La chandelle presque plane

vivace encore 

dessine les volutes de ton corps sur l’absence de bruit

ta maison n’a plus de chemin

tu explores la nuit

comme la barque au creux de l’aube

tu es de celles qui demeurent

le safran du blé uni à l’horizon

une sentinelle éphémère

endormie de violence épaisse comme on se tait 

tu éclabousses les ombres et ramasses la pluie

ta trace est une traine

comme chaque instant t’empoigne

et fait ailleurs rêver son vol

dans les instants du ciel

il n’y a plus d’endroit où revient le sommeil

exactement comme on survit

au point central d’un seuil qui n’ouvre plus que sur l’espace

de ta disparition


ton triangle à l’envers mesure la trace pigmentée d’un volcan soufrière

tu te nommes   

d’une peau d’encre nue sur le ventre immaculé du vent

qui se soulève à chaque pli d’air 

froissé sous cette obstination de vie

où bruissent les quelques traces surnuméraires

de cette traversée du peuple vif femme

évaporé dans la géode cristalline

de ton regard

et cette terre obscure la glaise de ton corps

enfante l’espace des mondes

enceinte de ce qui bat de vie

à travers toutes tes dunes 

la carte flaque opaque de bruits lourds

des asservissements

avalés par les lianes de peau creuse de tes rêves


cette panse opaque

secouée comme un boulier démiurge

la mémoire

vrac et lourde

et ronde sur le flou de tes joues de labeur

sur le pli de ta bouche qui dit

dedans 

presque un murmure

le trait de la douleur

que tu avales 

comme distant des étoiles

lorsque tes mains de vie dévident l’impuissance

féroce et barbelée d’exister ailleurs

que dans l’envers

de l’aplat d’heures

à crasse démesurée te taire

dans l’obligation de ceci

avaler ta mémoire

de demie moindre ammoniaquée

femme

où comme rien 

on prie mourir 

plutôt qu’ailleurs


À PROPOS DE L’AUTEURE :

Carole Carcillo Mesrobian est professeure de Lettres Modernes et Classiques. Elle est poète, critique littéraire, revuiste et performeuse. Elle poursuit des recherches au sein de l’école doctorale de Littérature et Art de l’Université Denis Diderot. Elle est l’auteure de dix recueils de poésie, chez notamment les Éditions du Cygne, les Éditions du Littéraire, PhB éditions,  les éditions Transignum, Z4 éditions, et a participé à des ouvrages collectifs et à des anthologies.

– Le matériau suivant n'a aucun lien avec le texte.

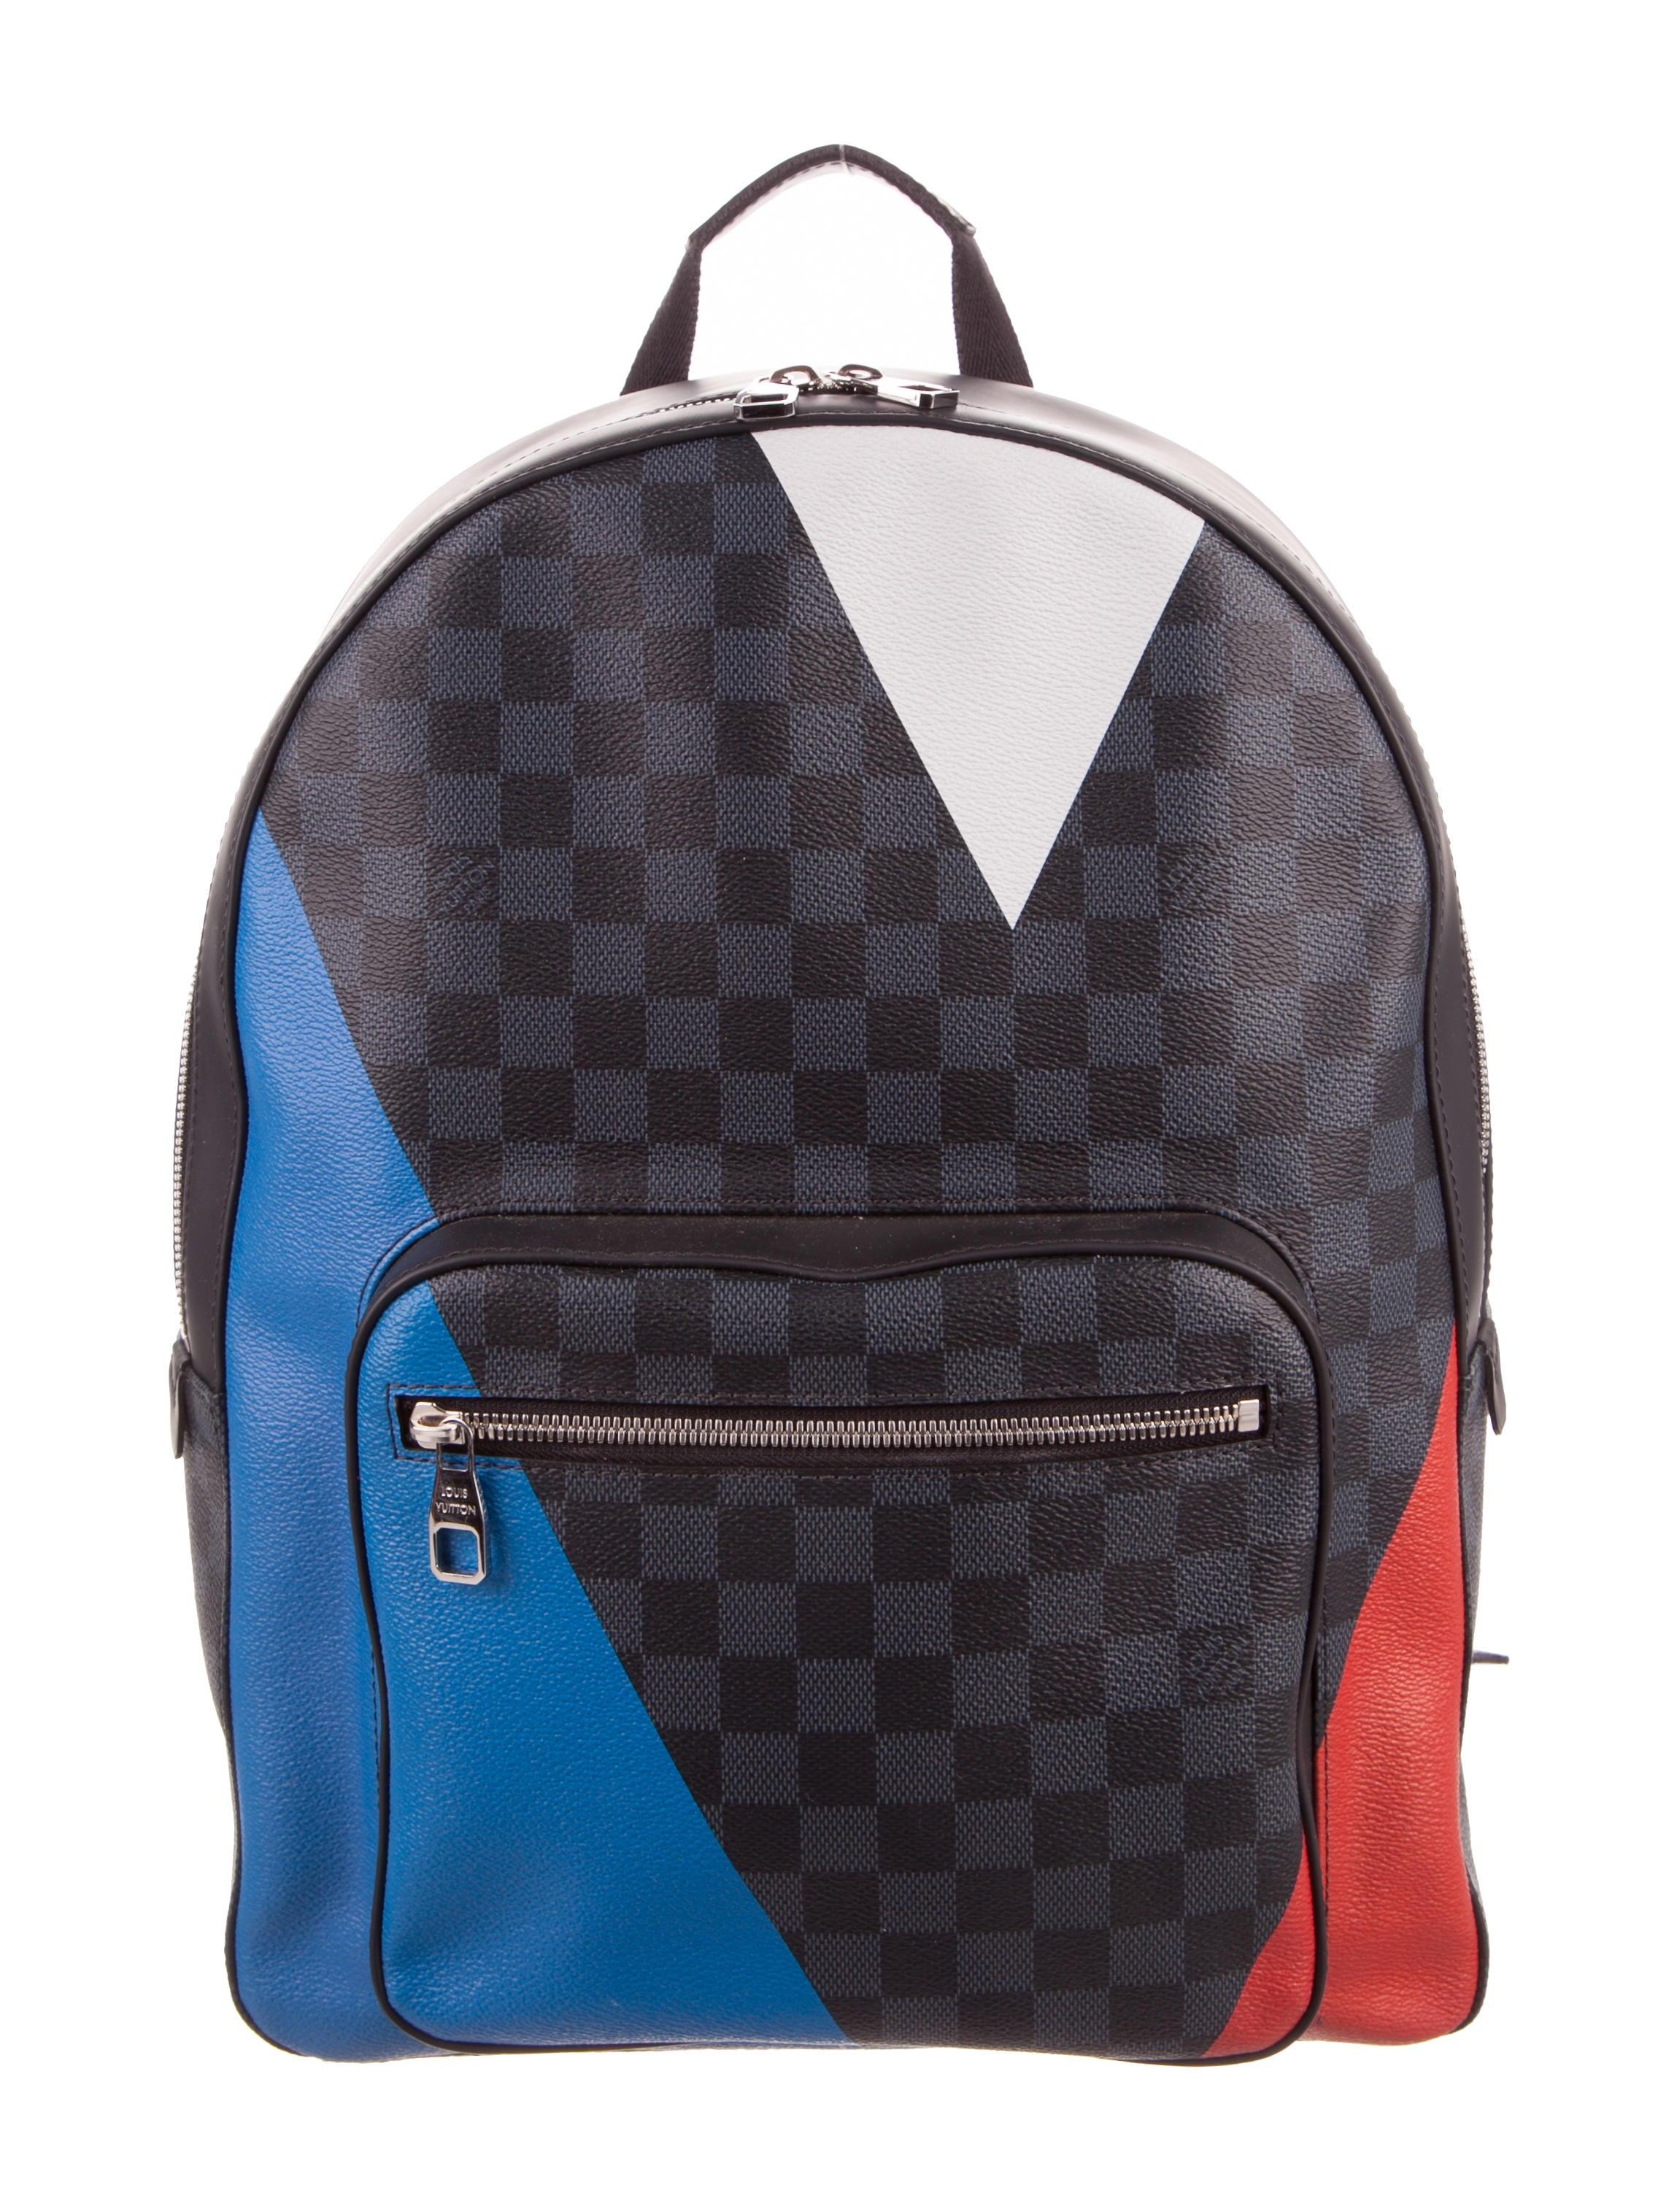 7347cf1c8db9 Louis Vuitton Damier Cobalt Regatta Josh Backpack - Bags - LOU96784 ...

Parallèlement elle publie de nombreux textes ainsi que des critiques sur des revues papier et numériques. Auprès de Marilyne Bertoncini elle co-dirige la revue de poésie en ligne Recours au poème depuis 2016. Elle est secrétaire générale des éditions Transignum depuis 2020, auprès de Wanda Mihuleac et d’Eva Gallizzi.